All of the listing, from first line to last, should be output exactly; the pictures stay out.

[SOURCE DATA Boundary: Start]

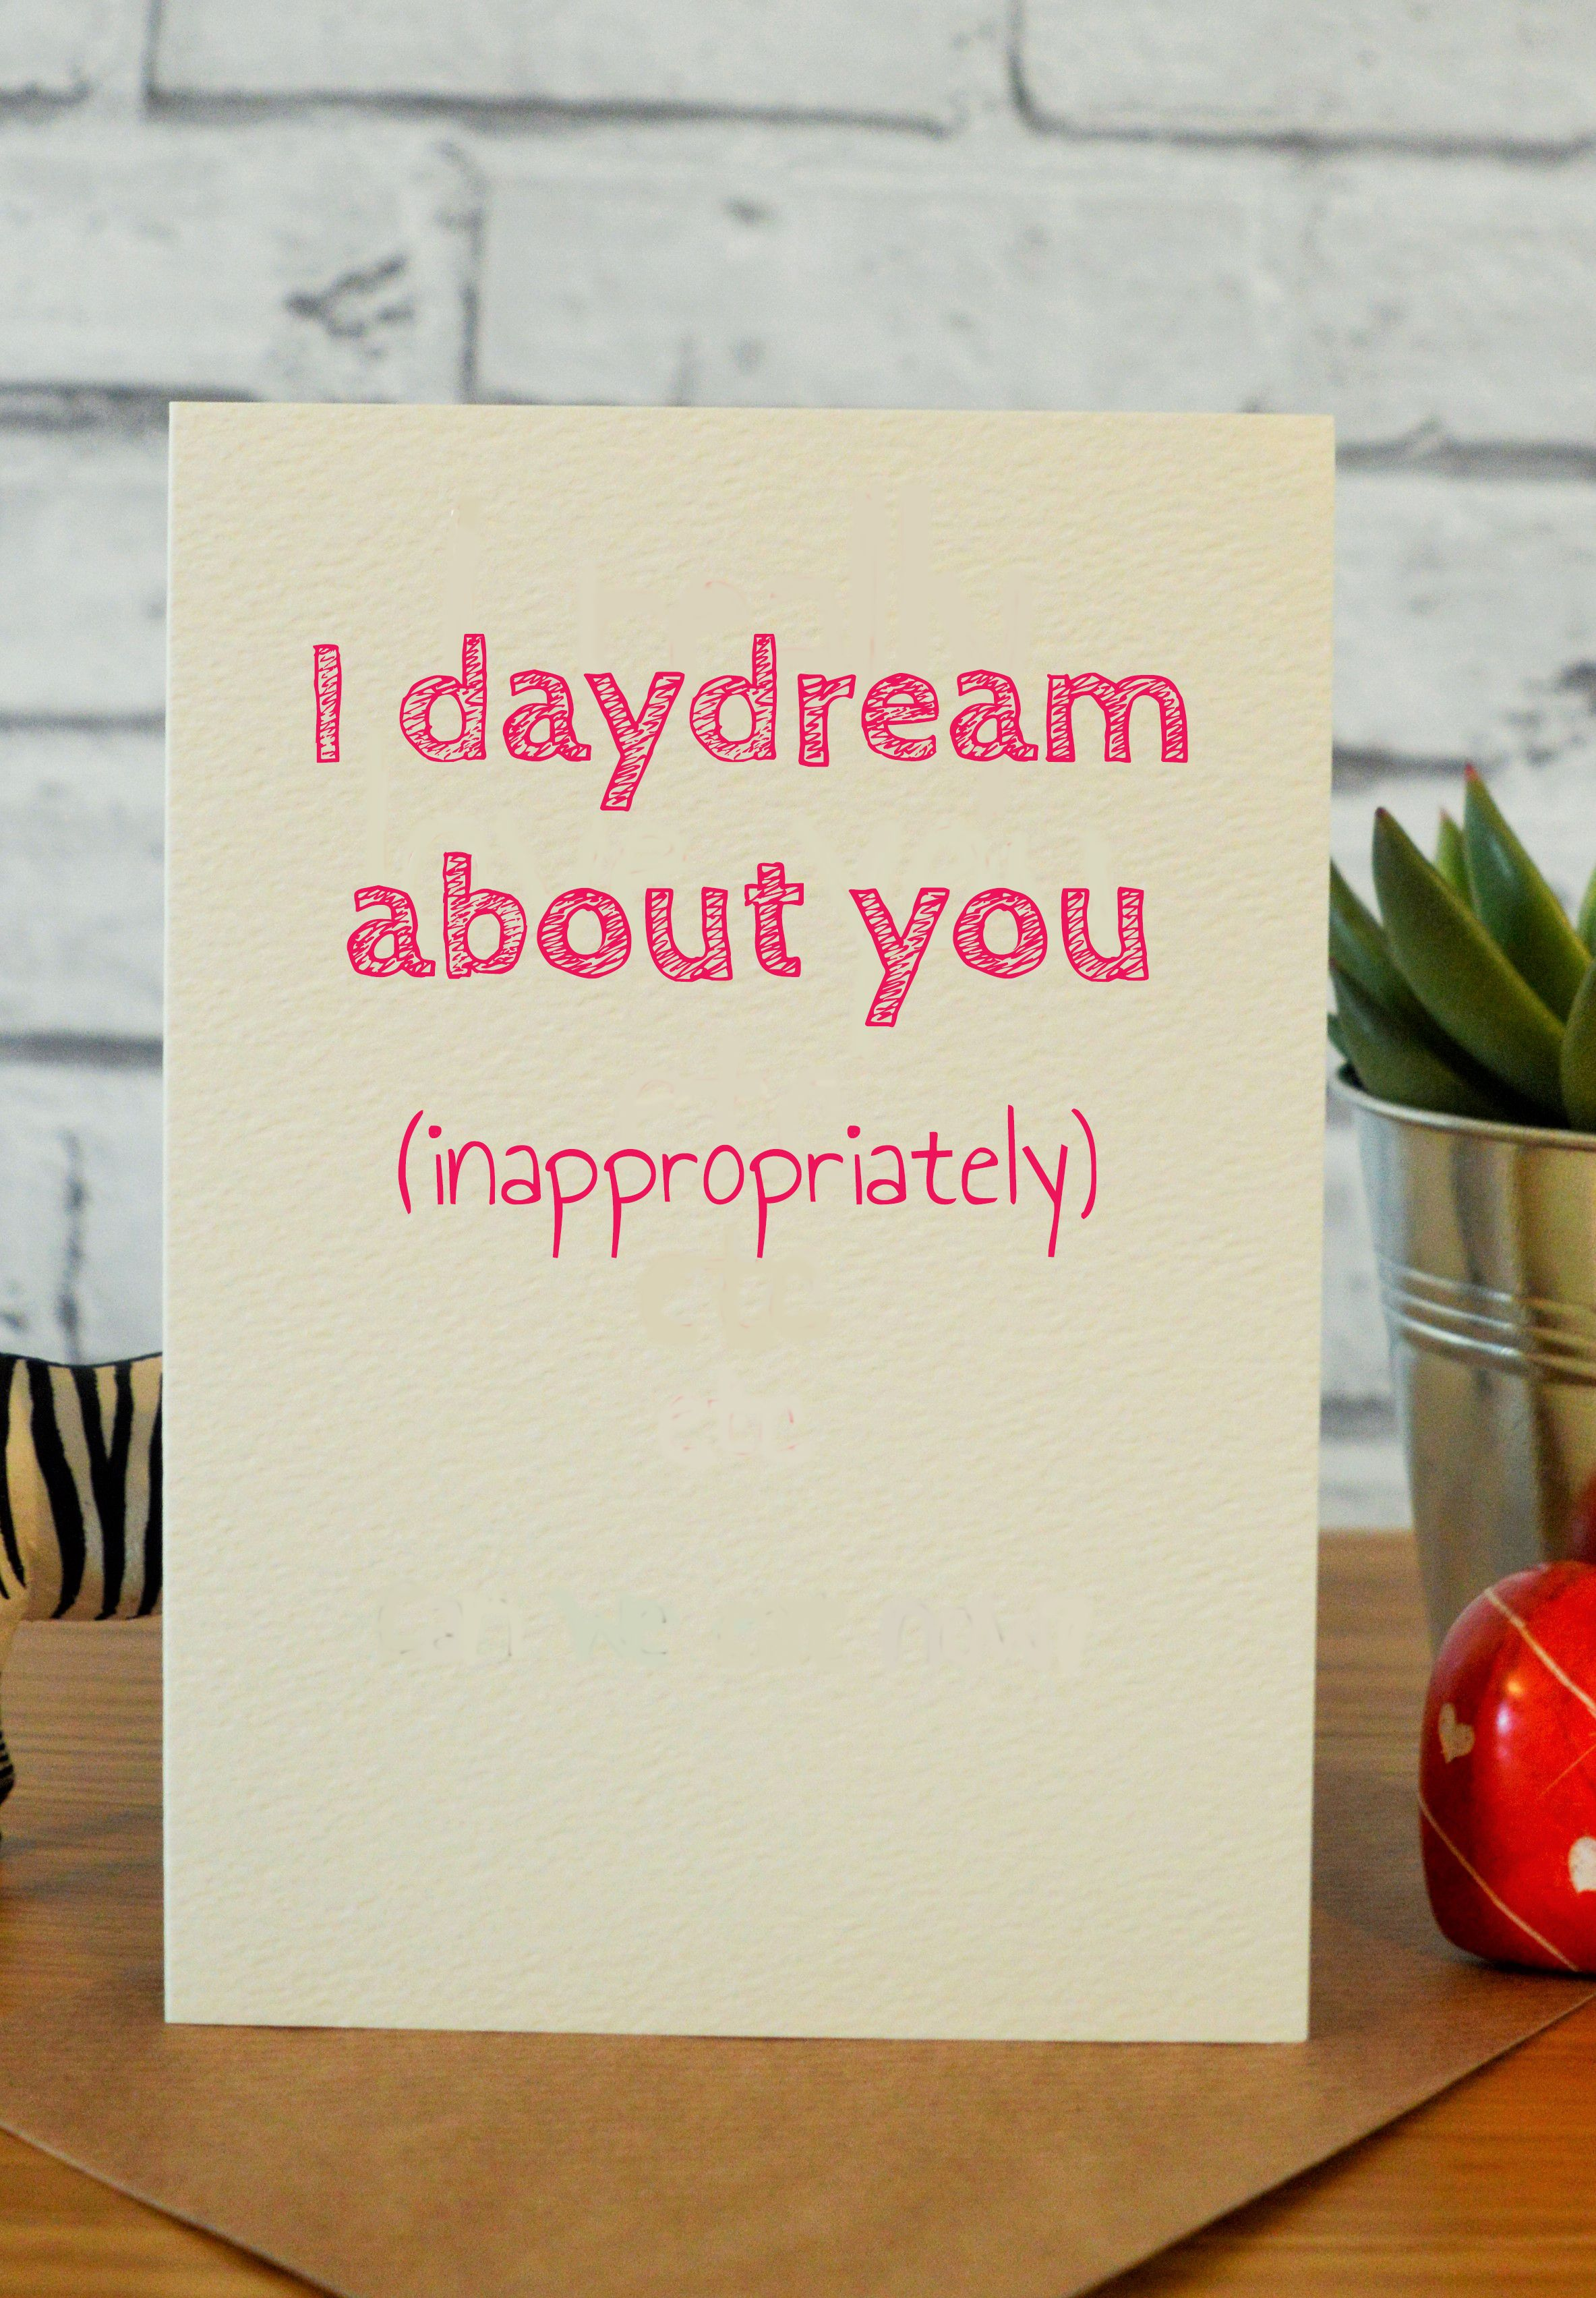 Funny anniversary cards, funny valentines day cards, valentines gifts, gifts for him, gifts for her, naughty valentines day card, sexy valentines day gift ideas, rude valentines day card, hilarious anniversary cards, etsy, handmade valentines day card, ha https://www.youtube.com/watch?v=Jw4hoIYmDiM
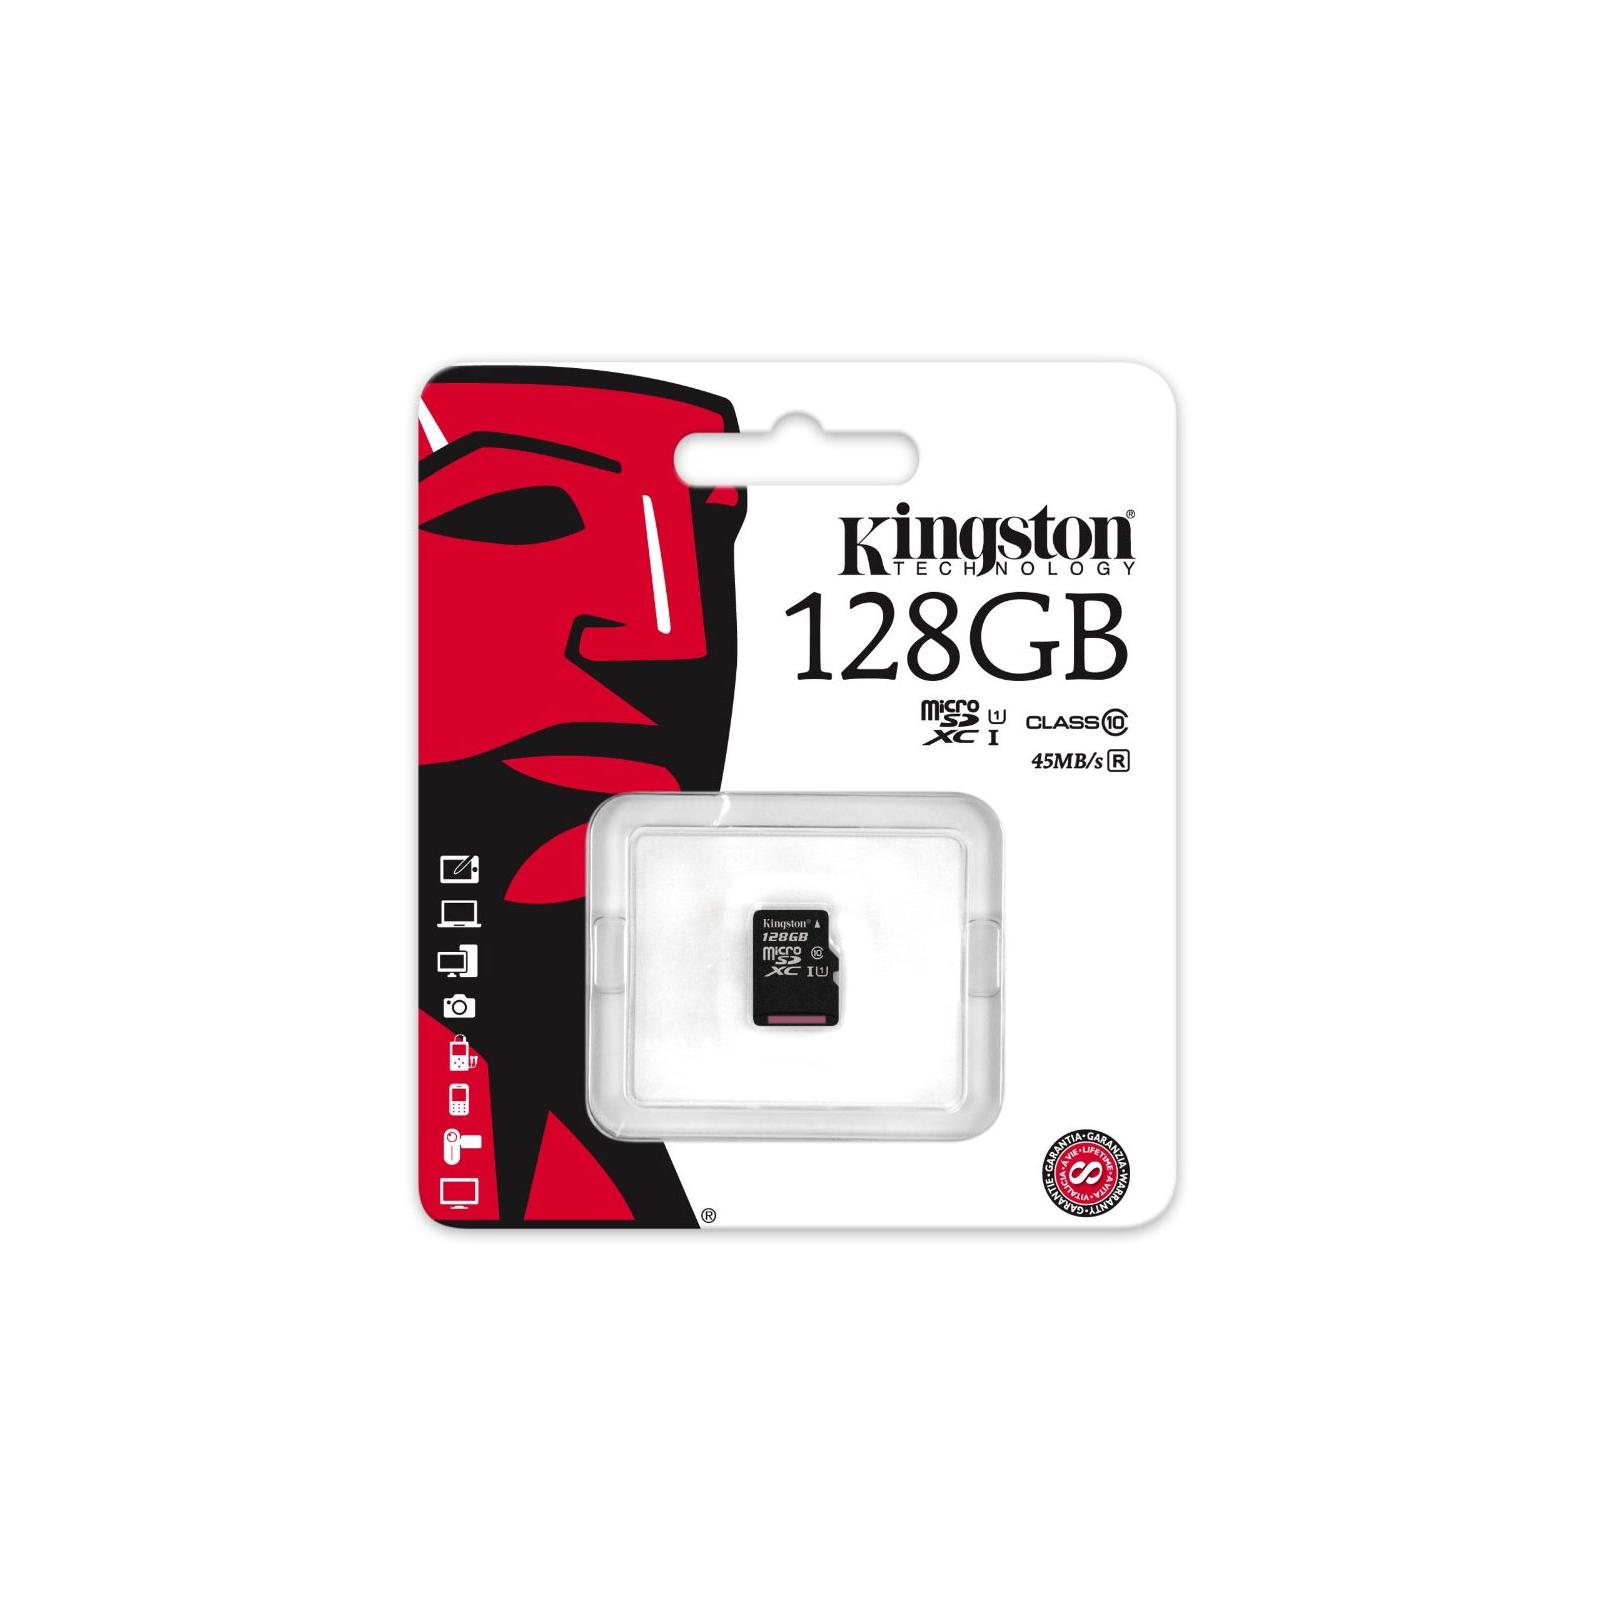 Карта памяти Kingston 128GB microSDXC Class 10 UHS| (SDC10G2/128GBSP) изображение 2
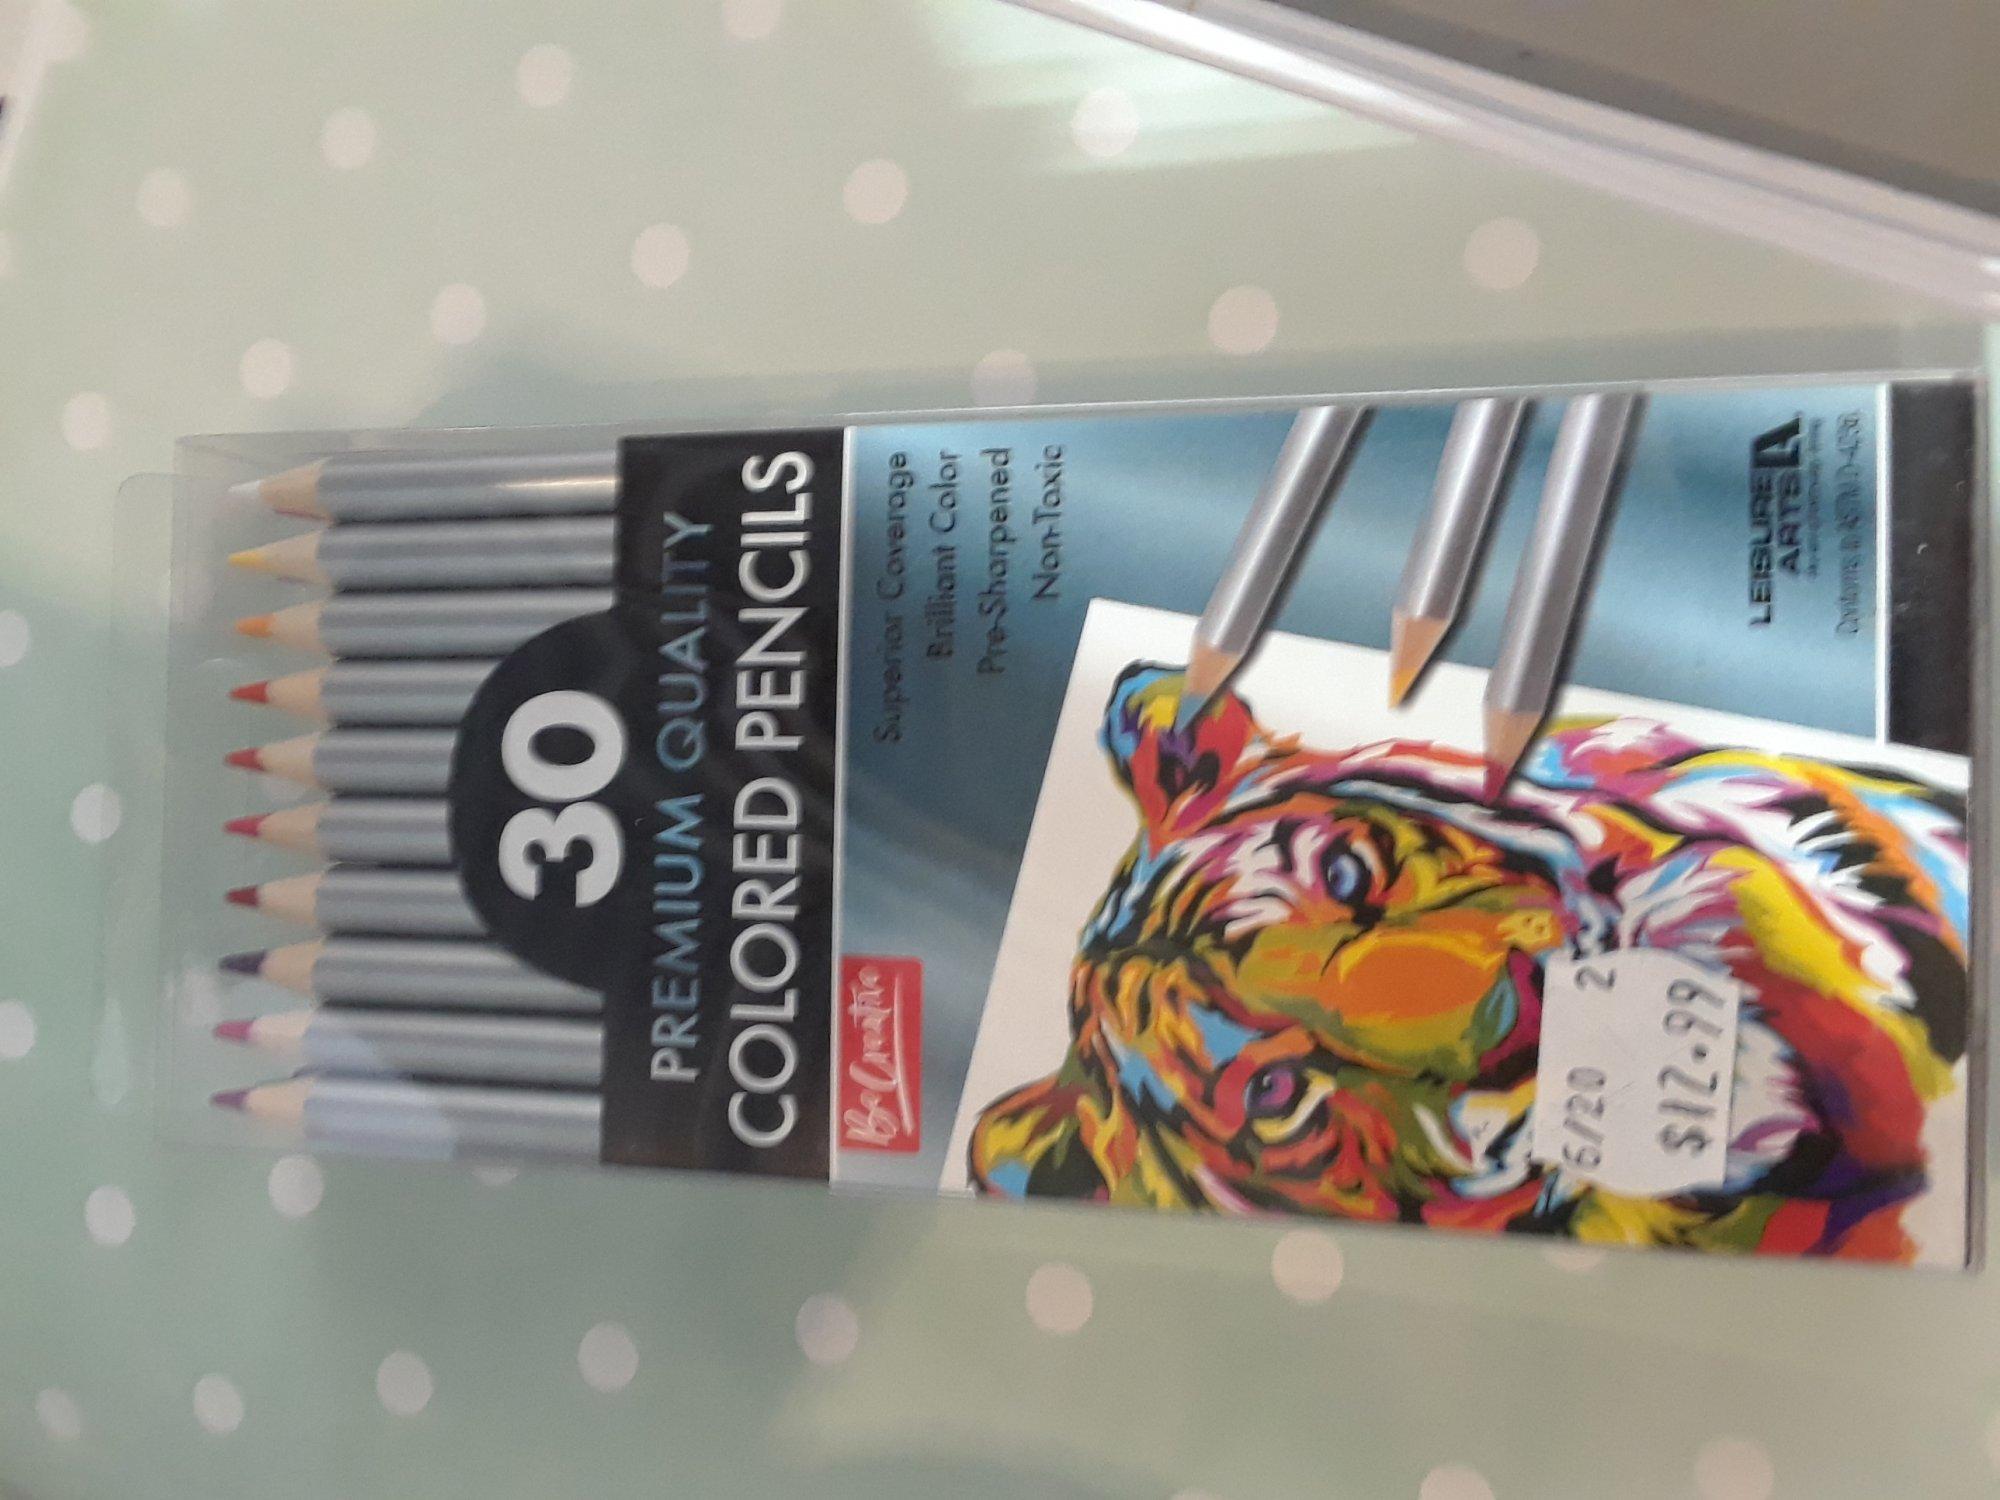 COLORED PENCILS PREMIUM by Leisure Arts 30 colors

[SOURCE DATA Boundary: End]

> **YOUR SOLUTION**
 Funny anniversary cards, funny valentines day cards, valentines gifts, gifts for him, gifts for her, naughty valentines day card, sexy valentines day gift ideas, rude valentines day card, hilarious anniversary cards, etsy, handmade valentines day card, ha https://www.youtube.com/watch?v=Jw4hoIYmDiM
 Карта памяти Kingston 128GB microSDXC Class 10 UHS| (SDC10G2/128GBSP) изображение 2
 COLORED PENCILS PREMIUM by Leisure Arts 30 colors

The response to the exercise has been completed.